In contrast to its neighbouring elements, we found that [Re(η⁶-C₆H₆)₂]⁺ type complexes are remarkably stable.^4,5,16 For instance, [Re(η⁶-C₆H₆)₂]⁺ does not decompose or lose benzene rings even when heated to 160 °C or when irradiated with UV light. [Re(η⁶-C₆R₆)₂]⁺ offers structural flexibilities in three dimensions as depicted in Scheme 1. Rotation around the rhenium axis, as well as tilting of pendent functionalities is possible without a notable energy barrier. The symmetry of all signals observed in the NMR spectra (see ESI†) supports the notion of free rotation at room temperature.^5–7,16,17

Scheme 1 Different degrees of freedom for the basic arrangement of [Re(η⁶-C₆H₆)₂]⁺ type complexes with two pendent coordinating modalities.

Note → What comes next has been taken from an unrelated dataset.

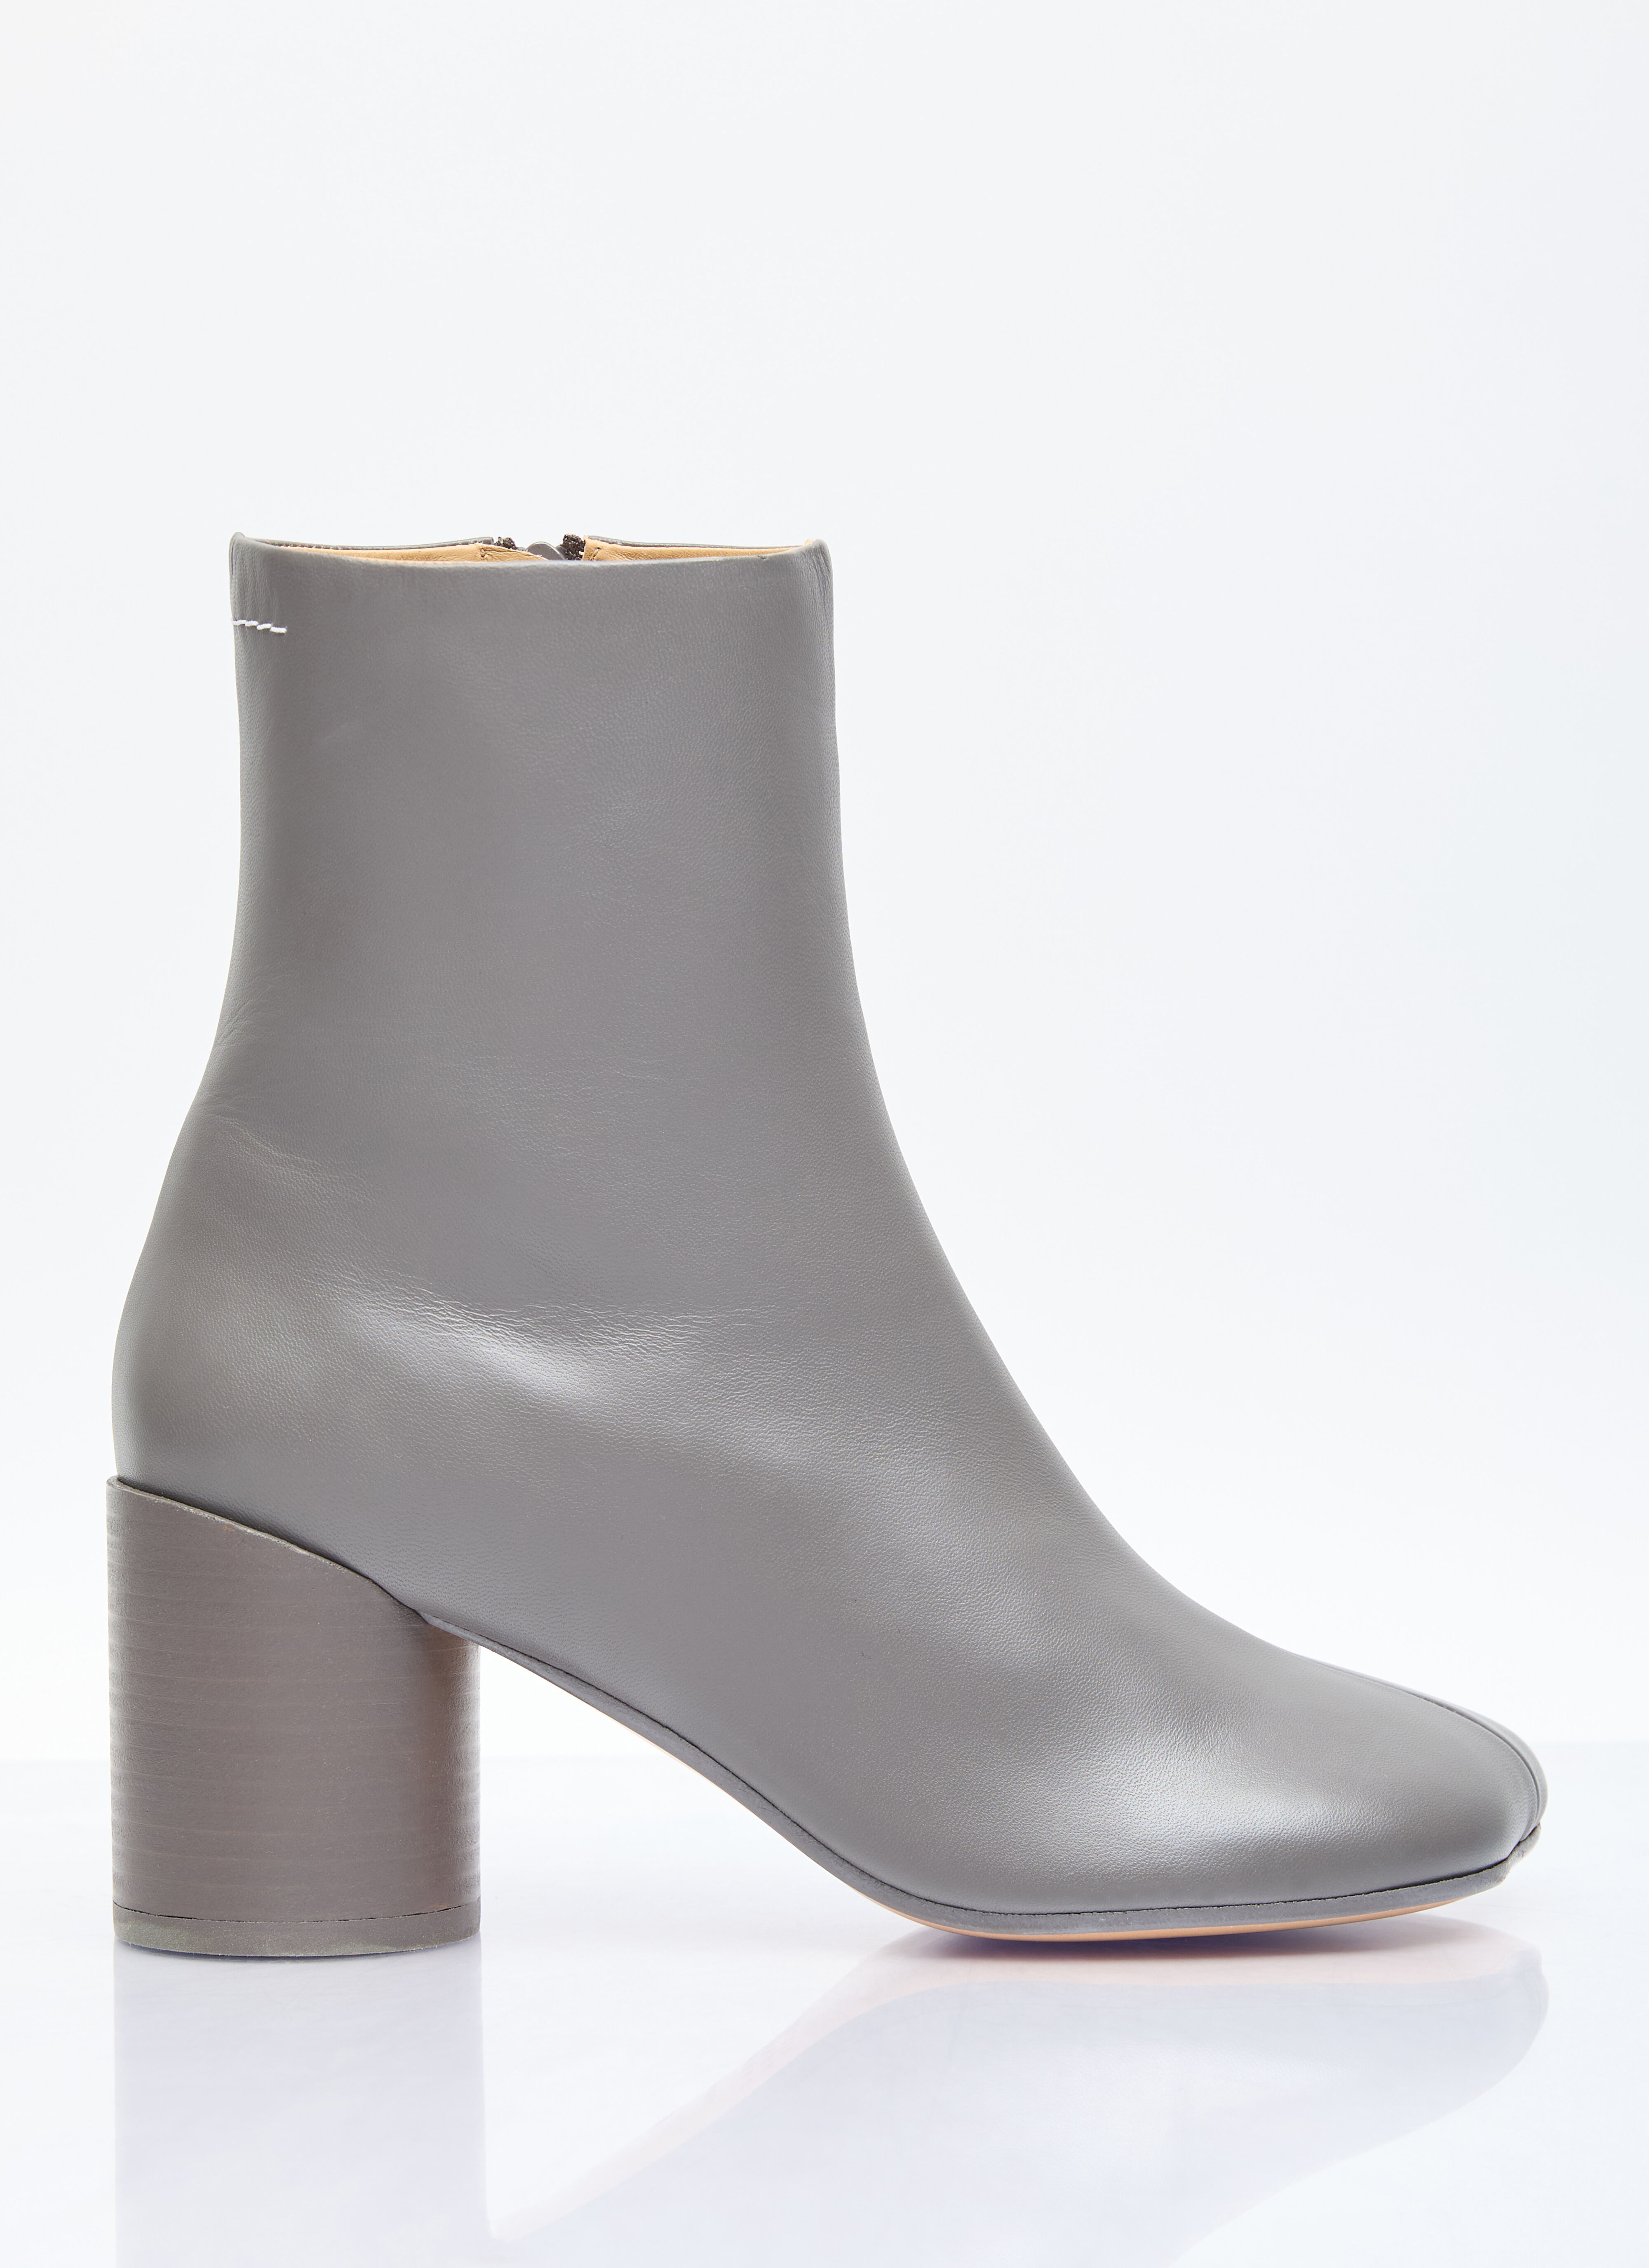 Vivienne Westwood Anatomic Ankle Boots 화이트 vvw0255056

Electrochemistry showed that Re(I) is reversibly oxidized at E°_1/2 > +1.3 V (Re^I/Re^II). Irreversible reductions take place at low potentials <−2.0 V, both vs. Ag/AgCl.^5,7 Compared to ferrocene, Re(I) bis-arene derivatives are much more difficult to oxidize and are generally stable against atmospheric oxygen (Fig. S1 and S2†).^18–20 These properties make [Re(η⁶-C₆H₆)₂]⁺ inert in several chemically interesting redox processes. A representative example is the reduction of H⁺ to H₂ or CO₂ to CO, both of which require substantial, negative potentials.^21–26 Protons and/or CO₂ can be reduced by molecular catalysts in systems that commonly involve multiple components; photosensitizers, electron donors and proton shuttles. The [Re(η⁶-C₆H₆)₂]⁺ building block is an elegant way to combine two or more subunits in one molecule. Those subunits would be separated by a ring-ring distance of about 3 Å (Scheme 1), making communication between these two entities conjugated to the arene rings possible. This report shows that [Re(η⁶-C₆H₆)₂]⁺ is suitable for conjugating different ligands to the arenes by common synthetic arene modification strategies. To show retention of catalytic activity and non-interference of the [Re(η⁶-C₆H₆)₂]⁺ scaffold, the photocatalytic activity of a Re(I)–Co(II) heterobimetallic complex towards proton reduction is shown in detail and compared to the catalyst in its native form.

Results and discussion

Precursor syntheses

[Re(η⁶-C₆H₆)₂](OTf) (1) was mono or bis-lithiated with LiN(i-Pr)₂ (LDA) to form [Re(η⁶-C₆H₅Li)₂]⁺. Reactions with electrophiles lead to e.g. the respective bromides and carboxylates.⁵ We extended the electrophiles to C₂Cl₆ or dimethylformamide (DMF) and prepared the mono-derivatized complexes [Re(η⁶-C₆H₆)(η⁶-C₆H₅Cl)](PF₆) (2a⁺) and [Re(η⁶-C₆H₆)(η⁶-C₆H₅COH)](TFA) (3a⁺) or their bis-functionalized analogues [Re(η⁶-C₆H₅Cl)₂](PF₆) (2b⁺) and [Re(η⁶-C₆H₅COH)₂](PF₆) (3b⁺) (Scheme 2, “a” always denominates mono-functionalization). The ratio of mono- and bis-functionalization can be controlled by varying the amounts of LDA, but the selective formation of only one product could not be achieved. The reaction with DMF produces a mixture 3a⁺ and 3b⁺ as main products but also alcohols and carboxylic acids groups on the arene rings due to the high reactivity of these aldehydes. Since the solubilities of all products are very similar, clean separation of mono- and bis-aldehyde is challenging (full synthetic procedures and characterizations are given in the ESI†).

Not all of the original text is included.